Zwelly Co.

Service Contract Agreement

The Parties agree as follows

1 – Description of Services

Zwelly will provide to Client the services described in Schedule A in separate written Agreement (collectively, the “Project”).

2 – Conditions

This Agreement will not take effect, and Zwelly will have no obligation to provide services for the Project until Client returns a signed copy of this Agreement and submits payment according to Section 6. of this Agreement.

3 – Term

Zwelly shall begin services for the Project on either the project start date listed in Schedule A in the Agreement or the date that Client makes a fifty (50) percent down payment as set forth in Section 6 of this Agreement or the start date in Schedule A, whichever is later . This Agreement shall continue in effect from the Project Start Date. to the project completion date as stated in Schedule A. Client acknowledges that this is a collaborative process and that Zwelly will not be in default of this Agreement if the Project extends past the Project Due Date due to delay from Client.
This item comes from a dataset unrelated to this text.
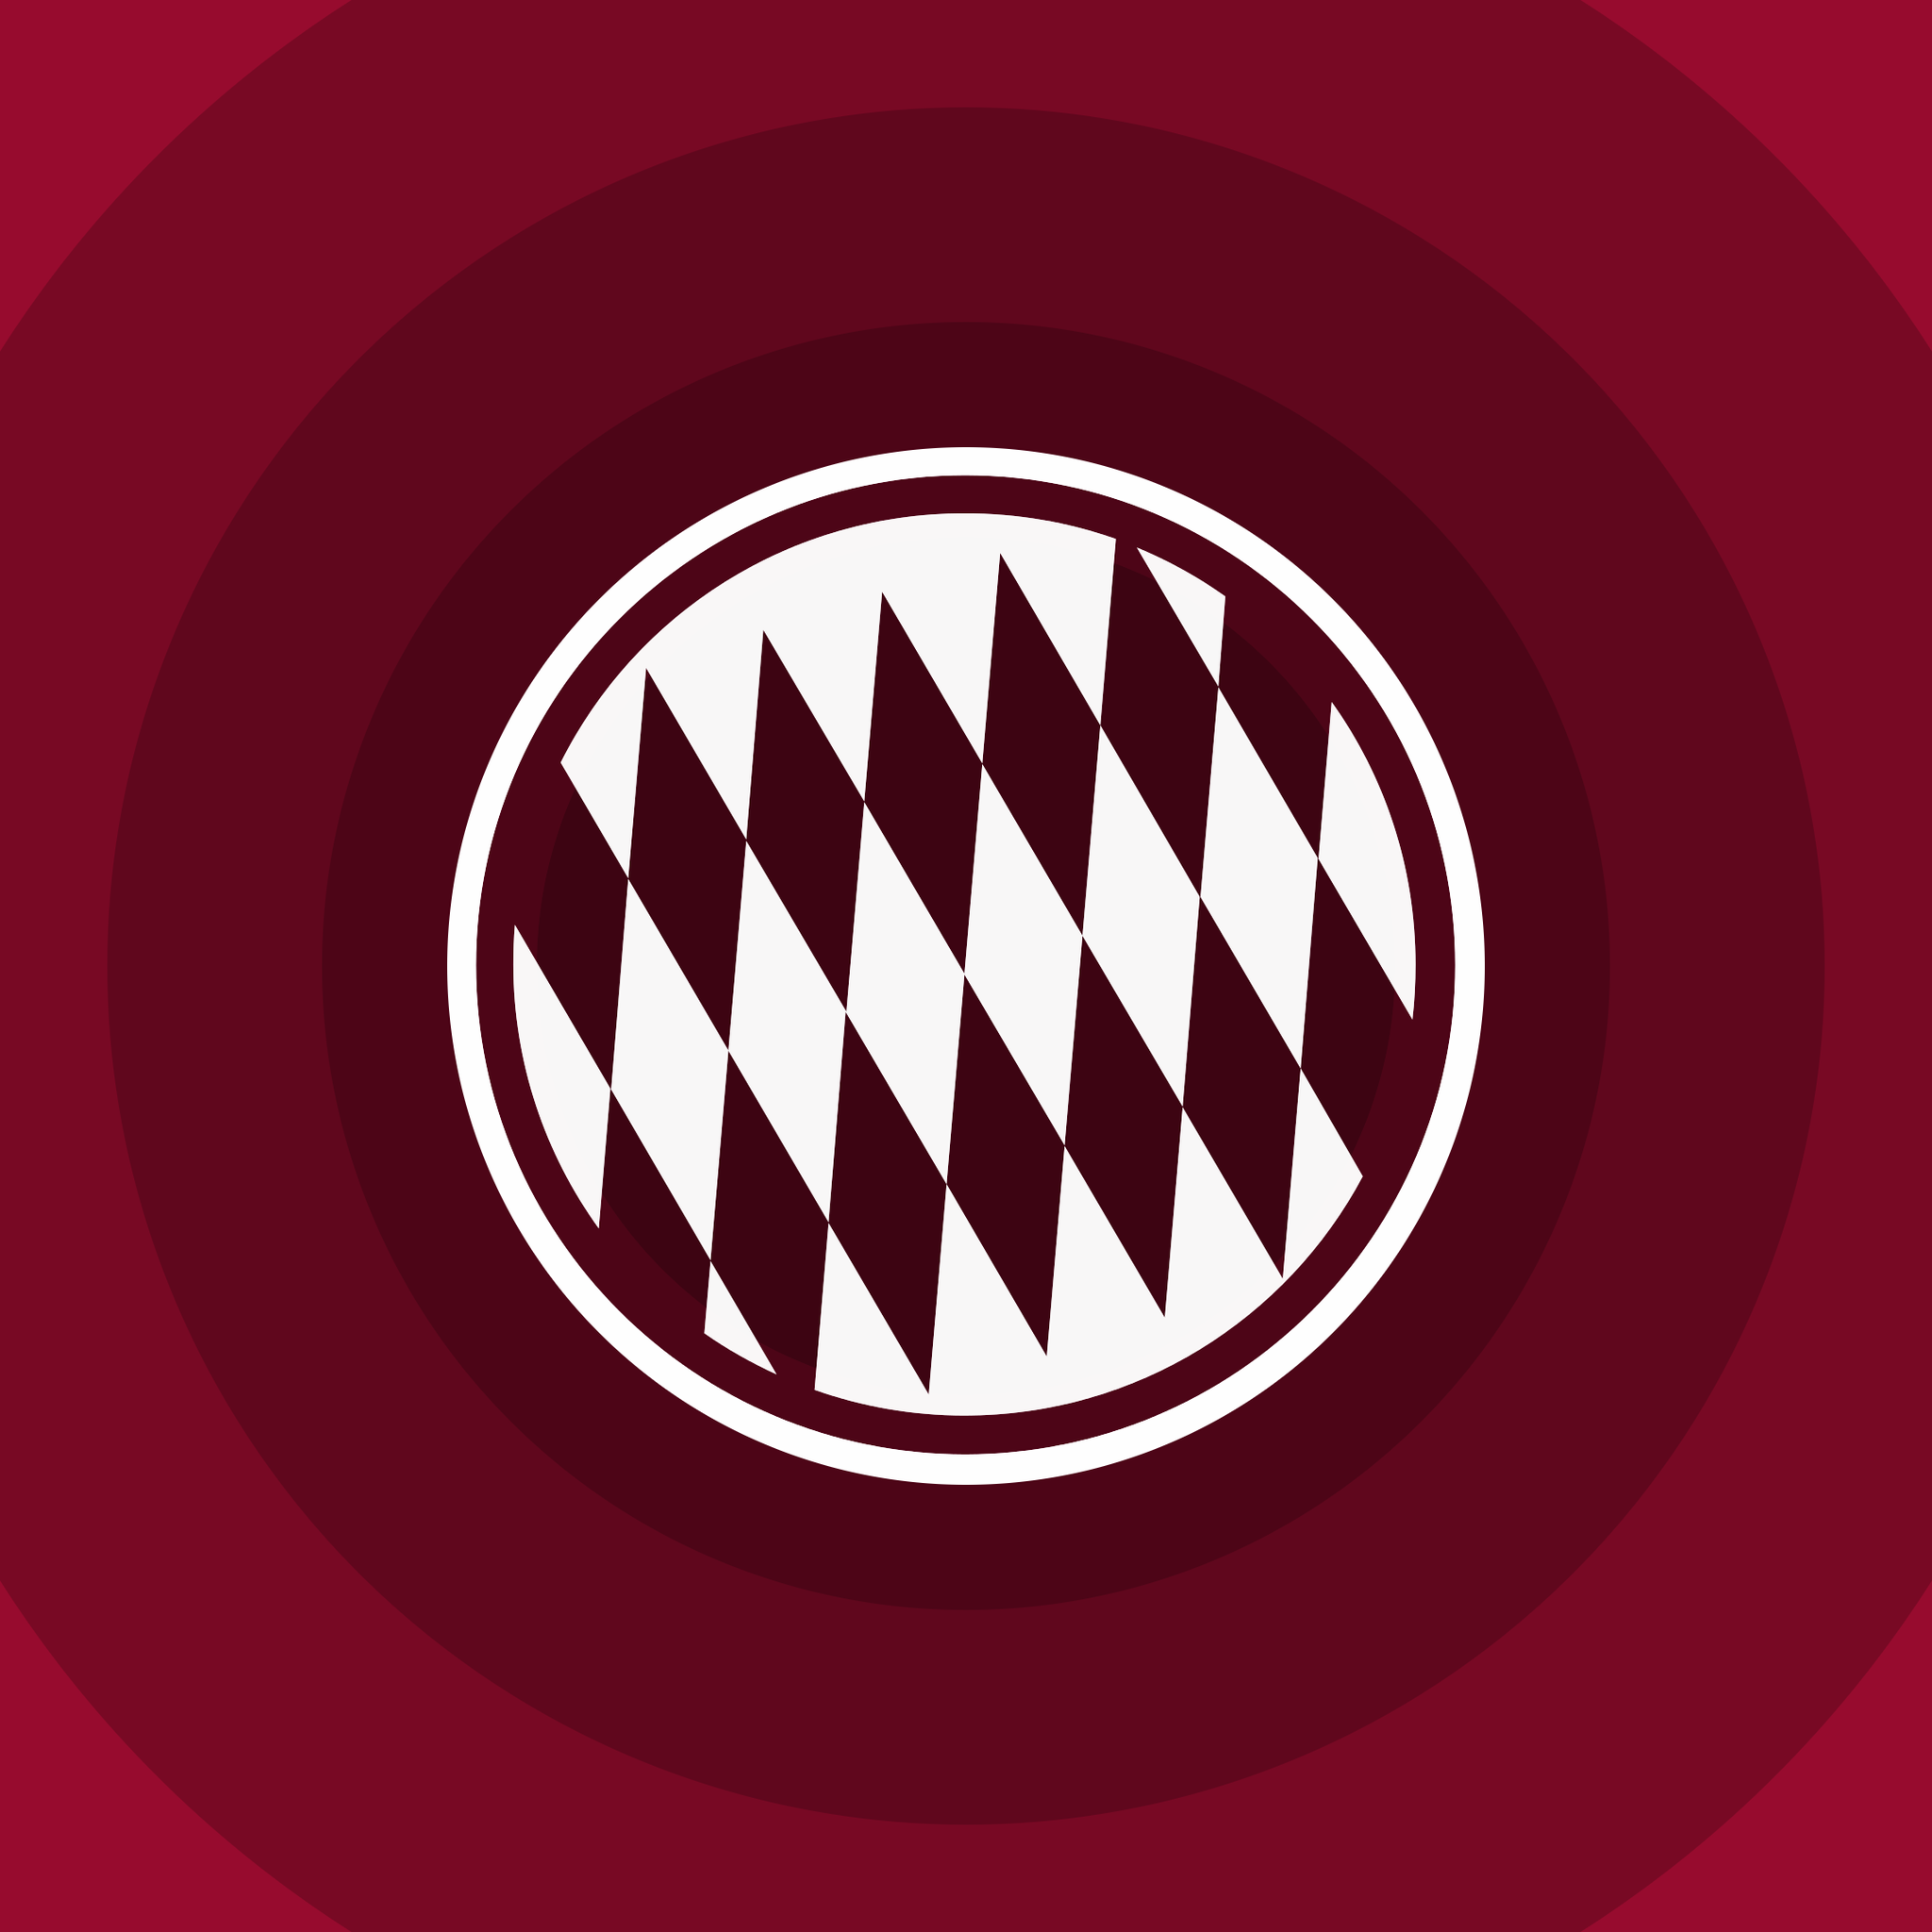 FC Bayern Munich Minimal Logo for 2048 x 2048 New iPad resolution

Delay is considered 48 hours without response.

4 – Additional Changes & Editing

Any requested changes to the description of services stated in Schedule A shall constitute additional editing and may incur additional charges or fees as deemed necessary by Zwelly. All additional changes must be submitted and approved by both parties in writing.

5 – Cancellation Policy

Zwelly may cancel the Project if, after the Project Start Date, Client does not respond to communication (face-to-face, phone, or email) for a period of thirty (30) consecutive days. To cancel a Project due to lack of communication, Zwelly must provide written notice of the cancellation. Client will have ten (10) days to respond in order to resume the Project. In the event the Project is canceled by Zwelly for lack of communication, ownership of any and all materials related to the Project, including but not limited to design mock-ups, drafts, and sketches, will be retained by Zwelly. A cancellation fee for work completed shall be paid by Client, with the fee based on the stage of project completion. The fee will not exceed 110% of total project cost.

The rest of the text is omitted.